Lena, Jaksen daha seslenmeden önce elini yukarı doğru uzatmıştı. Mahzene inmek için kullanılan merdiven, bir gün önce William amca tarafından geçici bir iş için alınmış ve geri getirilmemişti. Lena'yı dışarı çıkardıktan sonra Jaksen, elini onun yüzüne ve kollarına hafifçe dokundurdu, bir yarası olup olmadığını kontrol etmek istiyordu.

"Lena, iyisin değil mi? Bir yerin acıyor mu?"

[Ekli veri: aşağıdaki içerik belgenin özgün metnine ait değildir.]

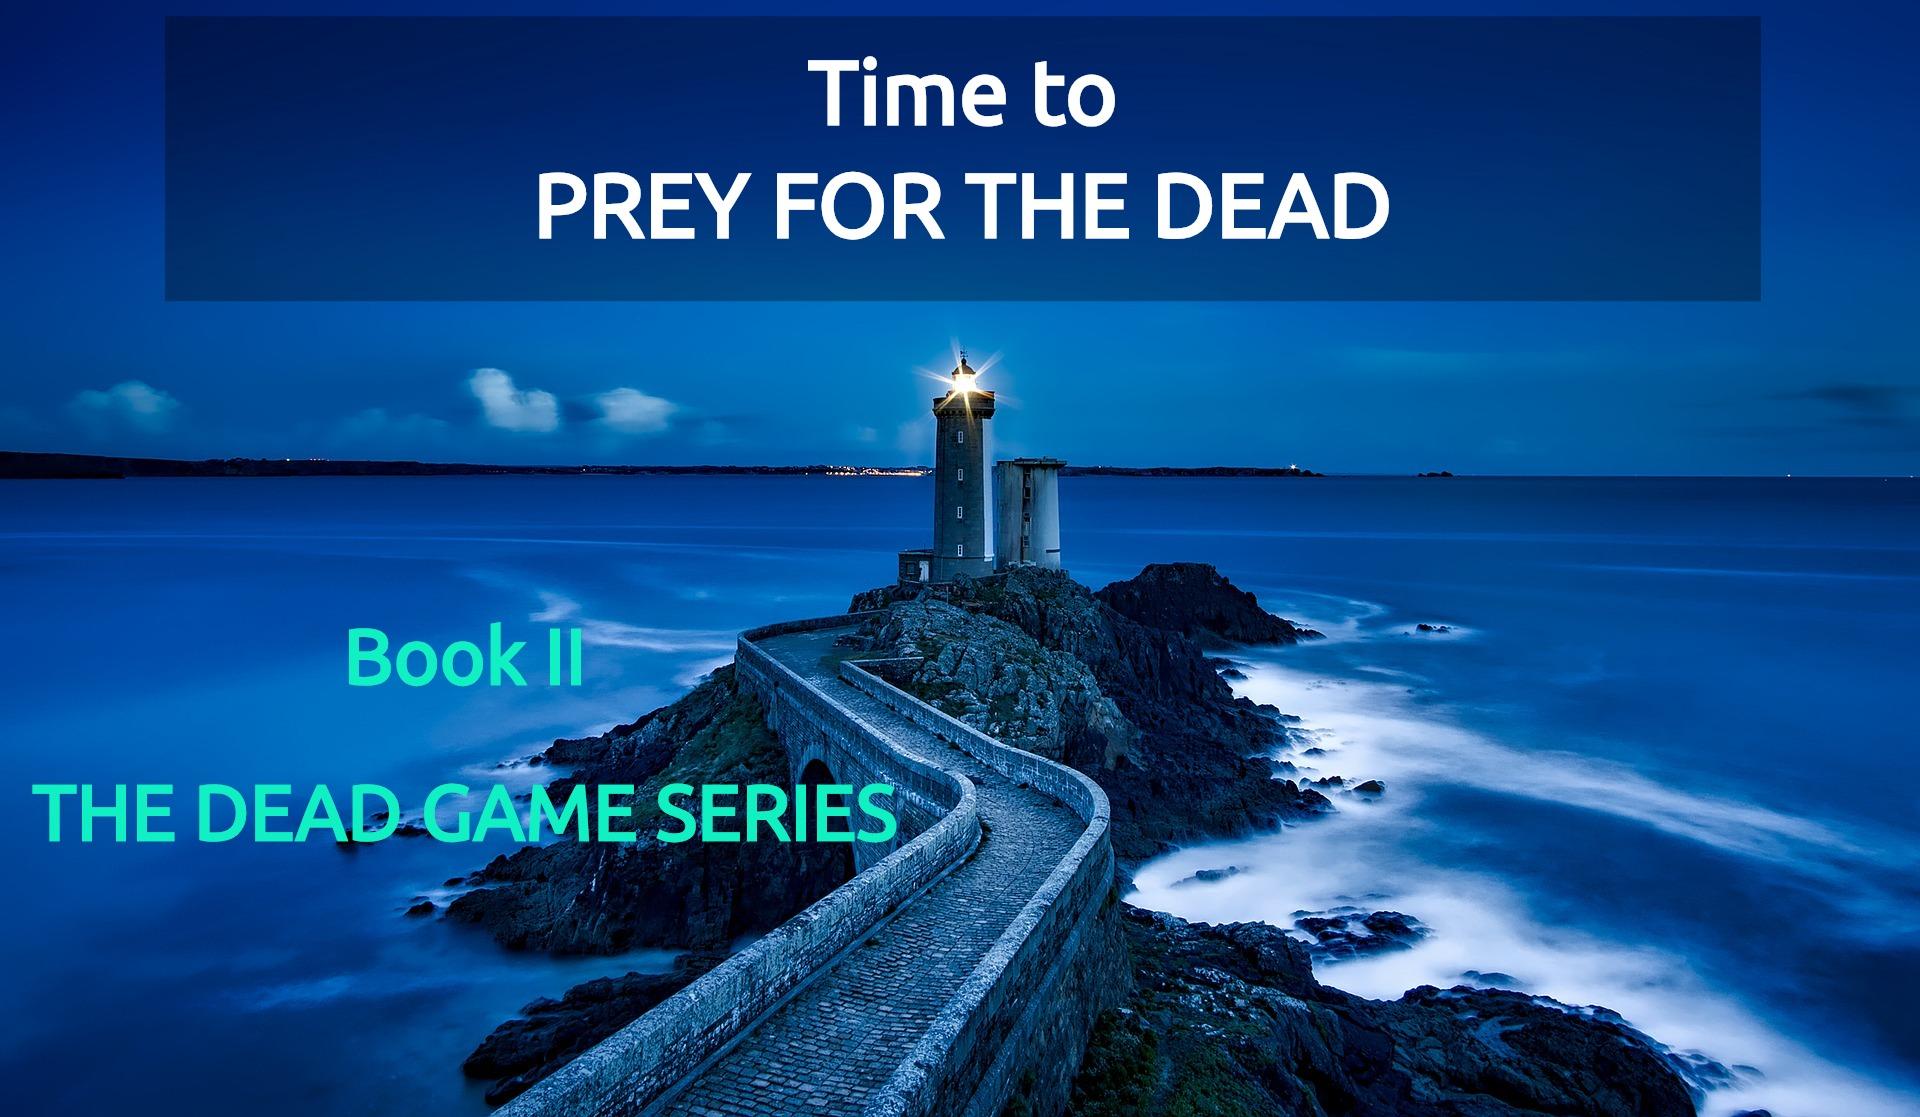 Prey for The Dead Book II

Lena, bu ani ve cesurca dokunuşlardan biraz utanmıştı. Ancak Jaksen'in niyetinin iyi olduğunu biliyordu, bu yüzden sesini çıkarmadı. Hafifçe başını salladı.

"Ben iyiyim, Jaksen abi. Ama annem... beni aceleyle mahzene soktu ve çıkmamamı söyledi. Kendisi Benald amca ve babama bakacağını söyledi. Senin de onlarla olduğunu sanıyordum. Ama... senin de haberin yok sanırım."

Lena'nın sözleri, Jaksen'in yüreğini burktu. Onu endişelendirdiğini fark ederek hemen toparlandı. Lena'yı korumak zorundaydı. Yüzüne bir gülümseme yerleştirerek konuştu:

"Lena, endişelenme. Tesila teyze güçlüdür. Babam ve diğerleri de kesin iyidir. Şimdi bizi arıyorlardır, merak etme. Hadi, bir an önce buradan çıkıp onları bulalım."

Tam o sırada orta yaşlı adam, ucuz zırhını temizlerken kaba bir sesle konuştu:

"Hey veletler, konuşmanız bittiyse çıkalım buradan. Sen, bizi buradan çıkaran çocuk, geldiğin yolu göster."

Jaksen, adamın umursamaz tavrına içerledi. Geldiği yönü işaret ederek adamı kaba bir şekilde başından savdı. Adam ikinci kez arkasına bile bakmadan hızla uzaklaştı. Jaksen, Lena'ya dönerek onunla konuşmaya başladı. Onu endişlendiremem diye düşünerek ona burada ebeveynlerini aradığını söyleyemezdi. "Lena, burayı biraz daha araştırmam gerek. Ama sen buradan çıkmadan gitmek istemem. Tezgahın altında babamın gizlediği bir zulası var. Onu alabilir misin? Bu eşyalar dışarıda bize lazım olacak."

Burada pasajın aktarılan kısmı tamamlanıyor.